14 novembro 2017

TODAS AS CANÇÕES DE NINAR


Maria Amélia Mano

Vive dentro de mim 
a mulher roceira. 
– Enxerto da terra, 
meio casmurra. 
Trabalhadeira. 
Madrugadeira. 
Analfabeta. 
De pé no chão. 
Bem parideira. 
Bem criadeira. 
Seus doze filhos. 
Seus vinte netos.

Cora Coralina

Julie é a melhor enfermeira do setor de neonatologia. Cuida dos pequenos, dos bem, bem pequenos. Tão pequenos que, nem sempre, abrem os olhos ou têm sobrancelhas ou pestanas. Tão pequenos que bebem o leite das mães em conta-gotas. E é neste mundo pequeno de luta pela vida que é grande, que Julie trabalha.

Julie prefere os plantões noturnos.
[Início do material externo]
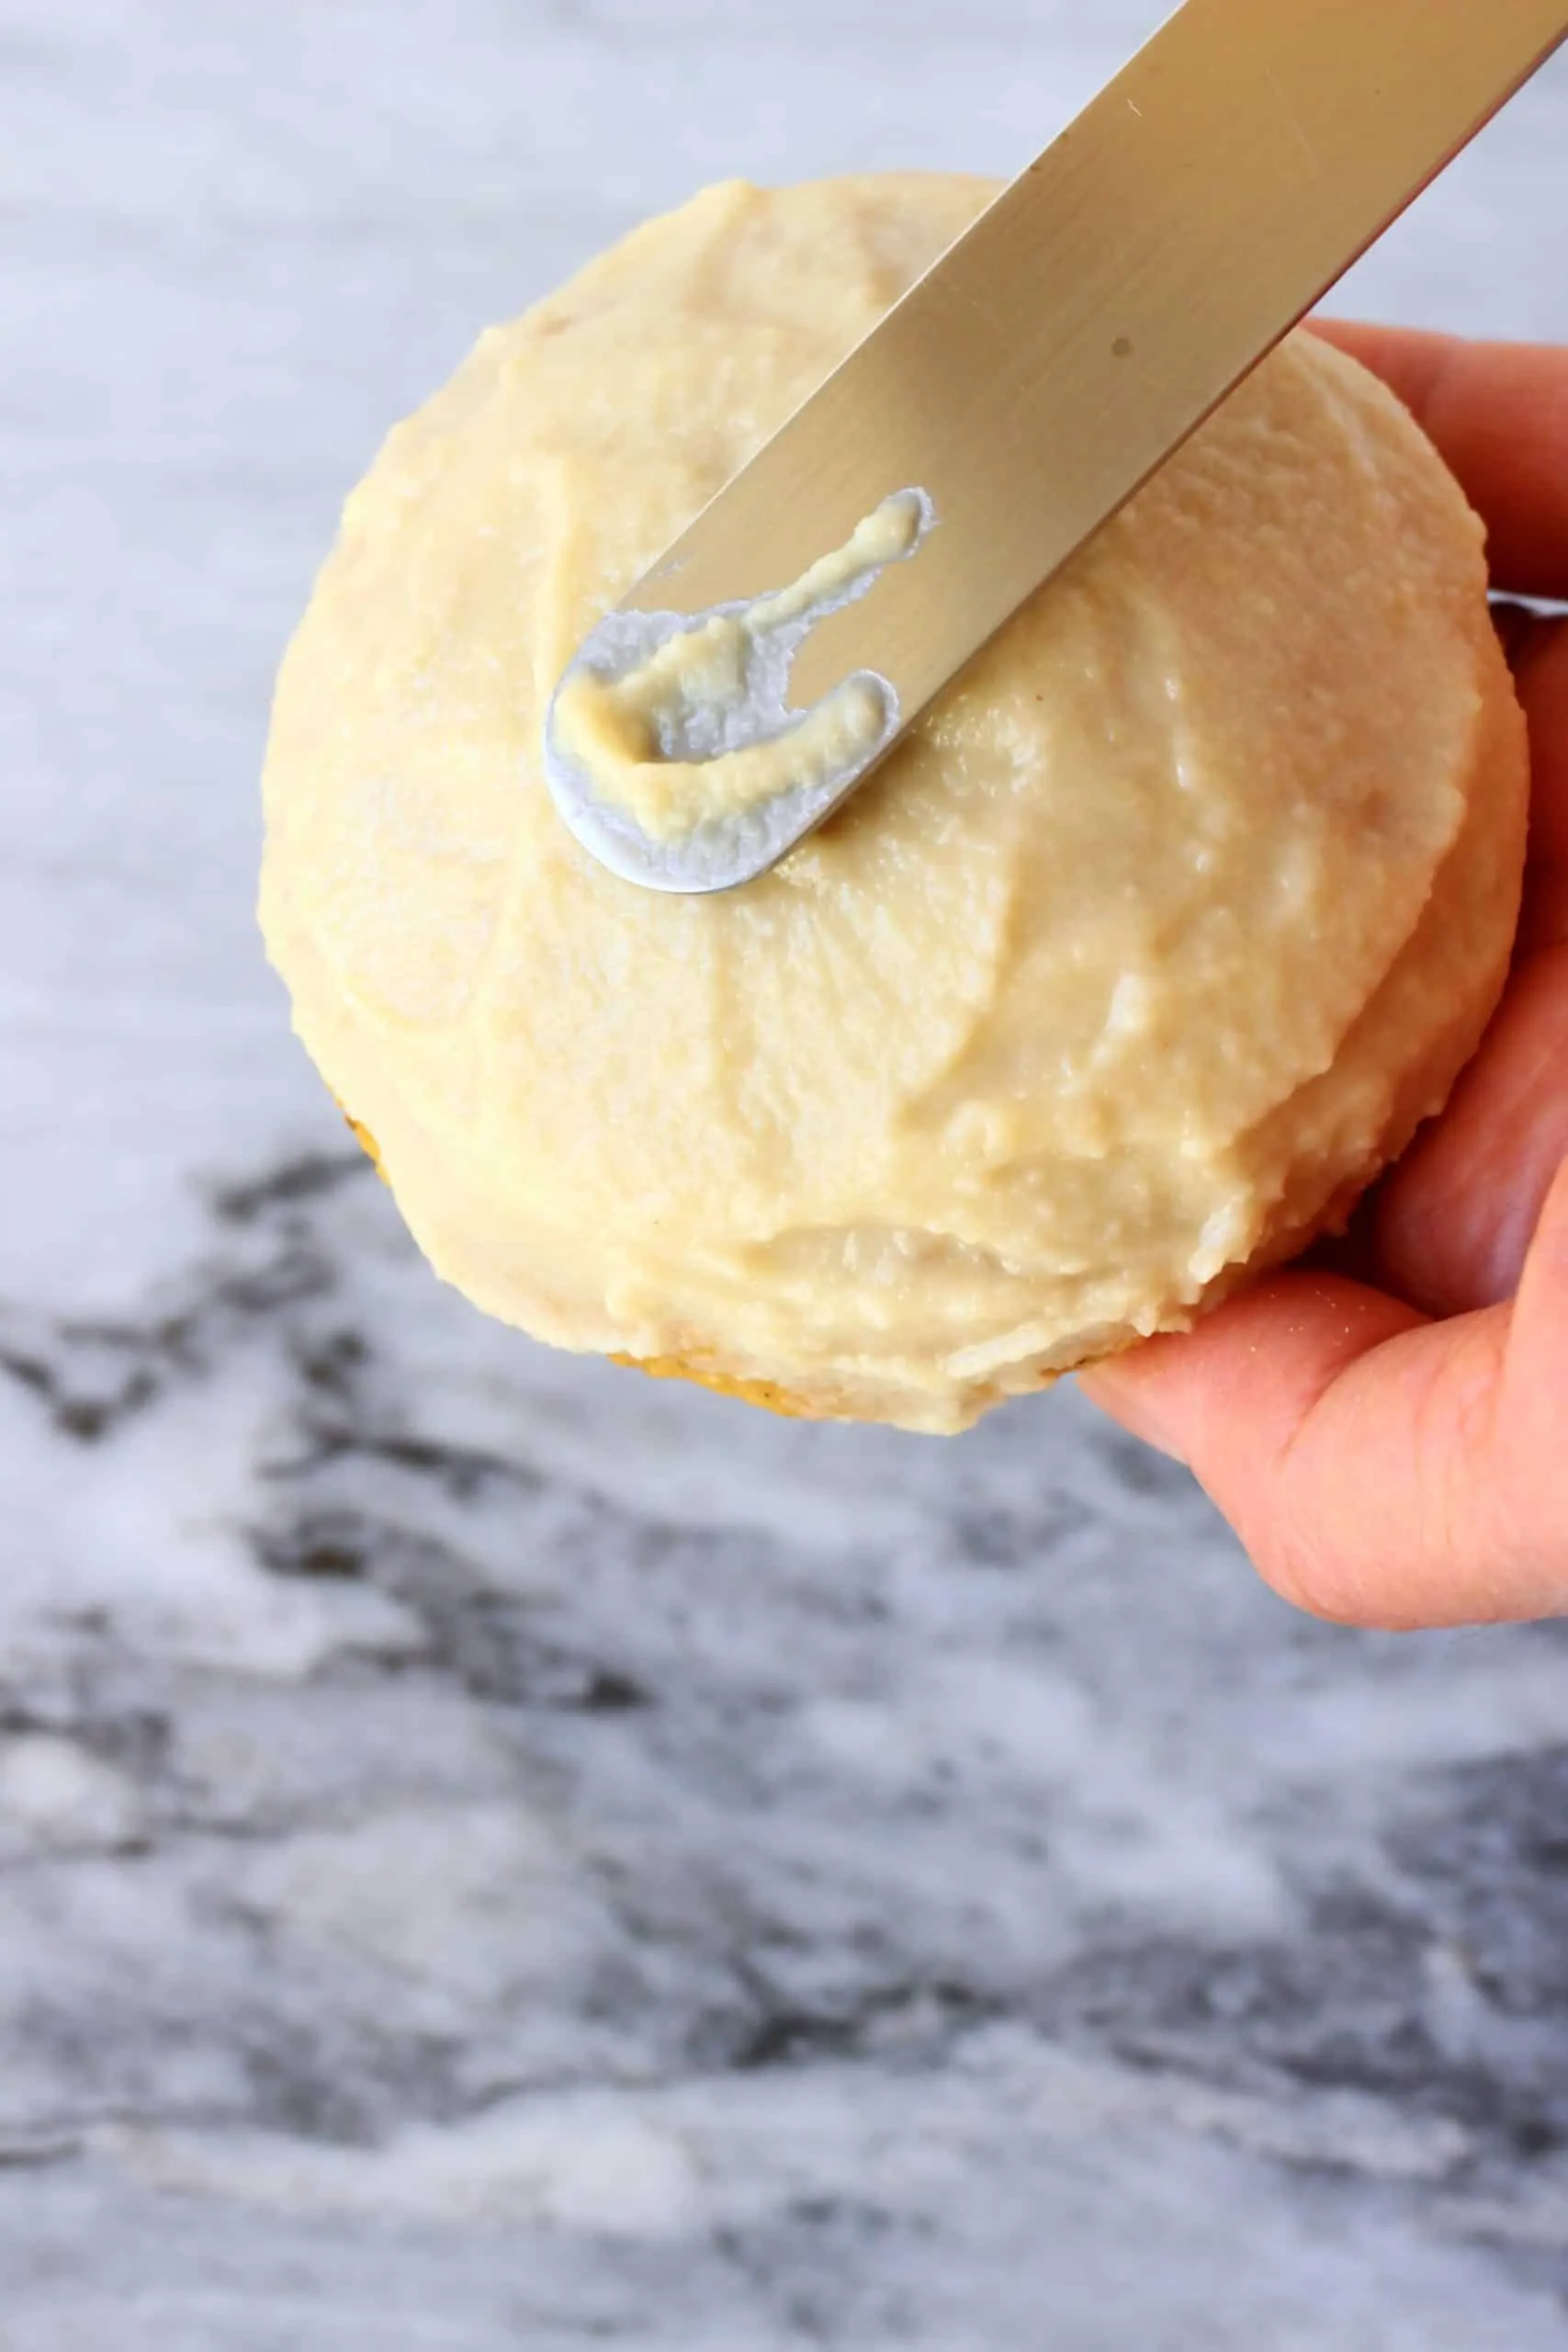 A knife spreading white frosting over a gluten-free vegan pumpkin cookie

Não gosta do dia e de suas badalações, visitas, ansiedades e choros. Na noite, todas as vidas pequeninas são suas e Julie conta histórias ou canta canções de ninar. Quando pode, inventa mais histórias e canções.

Também inventa nomes. Sim, se o bebê não tem nome, é sempre Julie que escolhe o nome e é sempre o nome perfeito, sempre cabe na vida que começa e, às vezes, na vida que brevemente termina.
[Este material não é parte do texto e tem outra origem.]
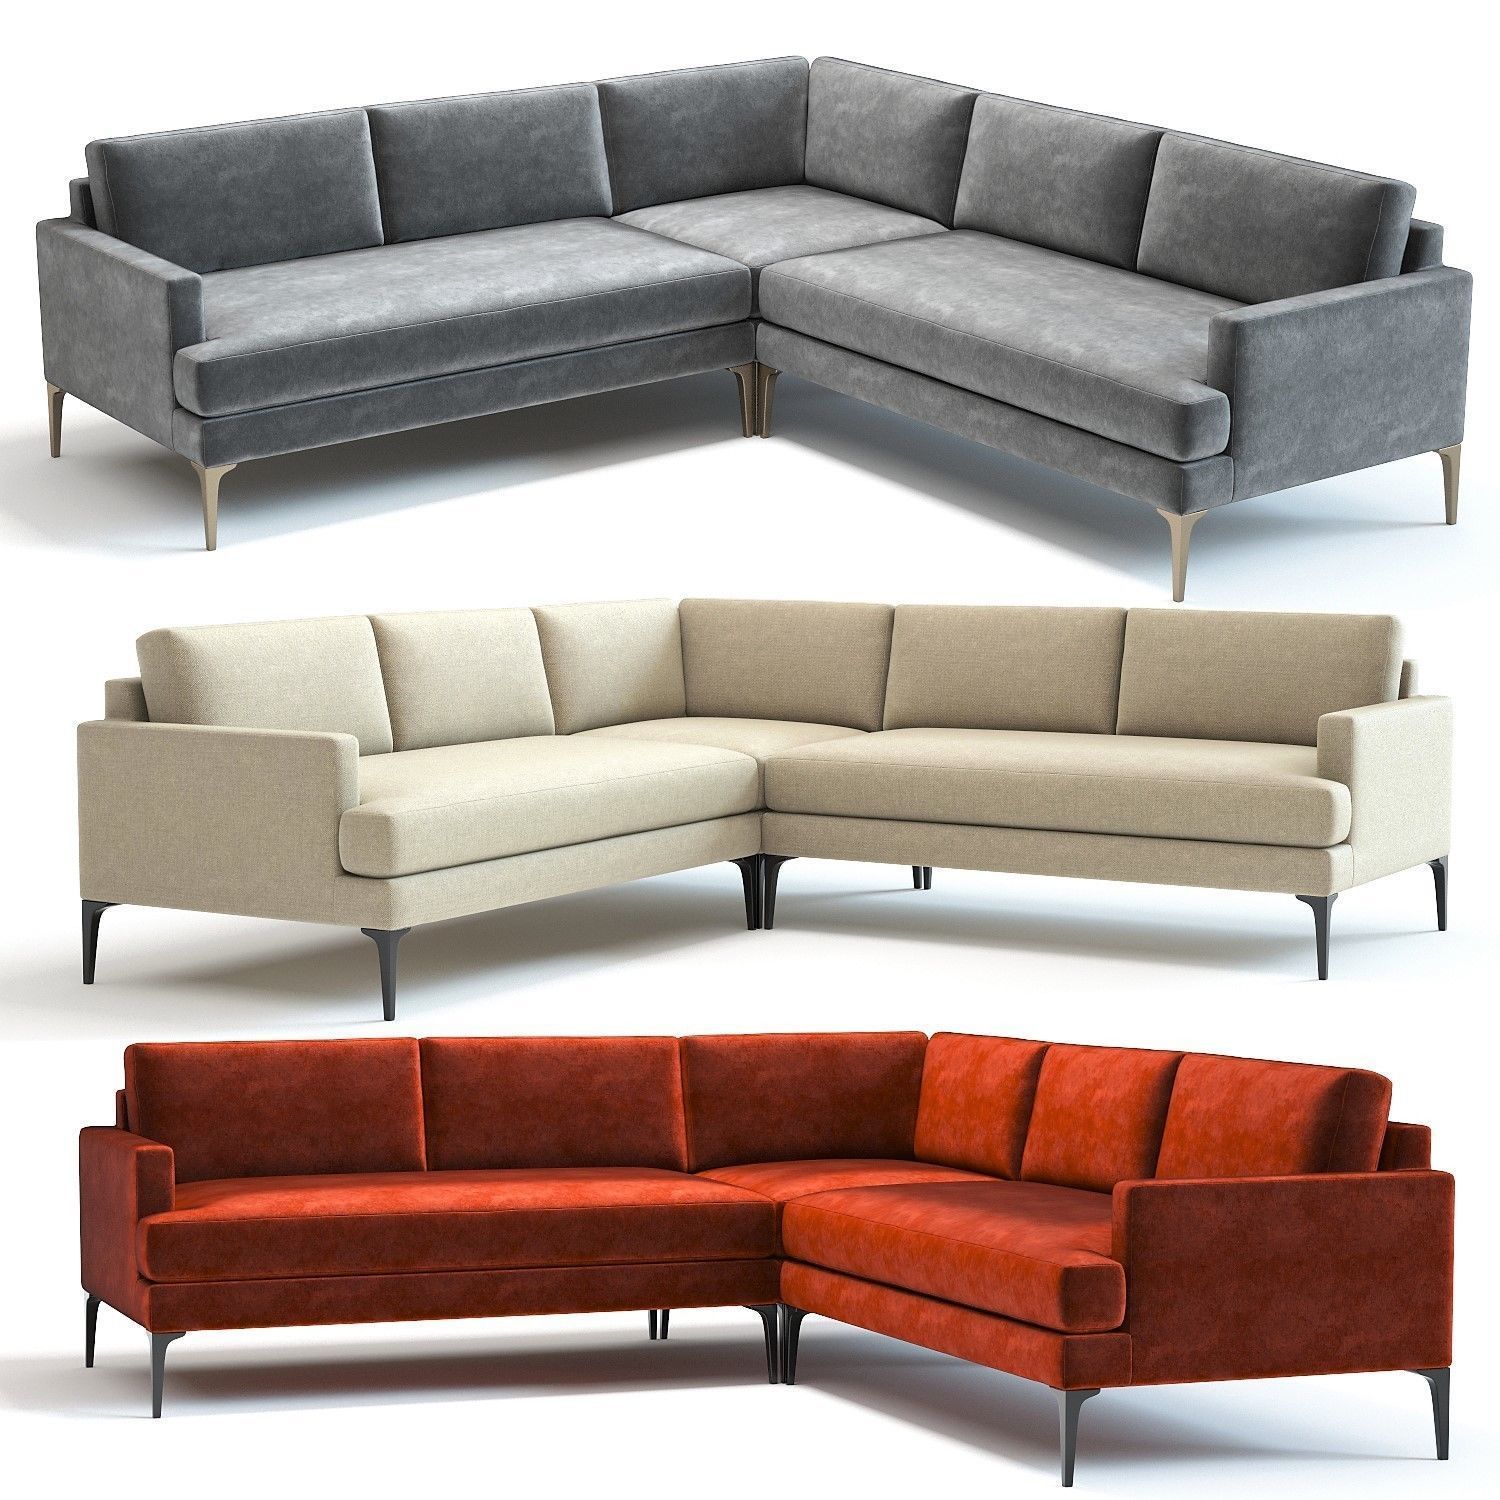 3d West Elm Andes L Shaped Sofa | Cgtrader Throughout Owego L Shaped Sectional Sofas (View 15 of 15)

Uma noite, Julie estava cantando baixinho e sentiu que várias vozes a acompanhavam como um coro. Coro de crianças. Sentiu canto forte, mas leve. Belo, mas triste e, ao fim de mais uma canção inventada, tantas vezes, tantas noites cantadas, sentia e sentia mais.

Não identificou de onde vinham as vozes. Buscou em todos os frios recantos brancos da UTI neonatal e nada! Foi somente quando fechou os olhos é que Julie viu o coro. Todas as crianças, os pequenos, muito pequenos que, um dia, por ela passaram e se foram, em vida breve, em morte sem sentido.

Eram elas, Julie reconheceu: Paula, Luíza, Francisco e o pequeno Gustavo. Estavam lá, todas as noites, com Julie, inspirando histórias e canções de ninar.



Exercício de escrita em 15 minutos da oficina "Vai ter escrita de mulher, sim!"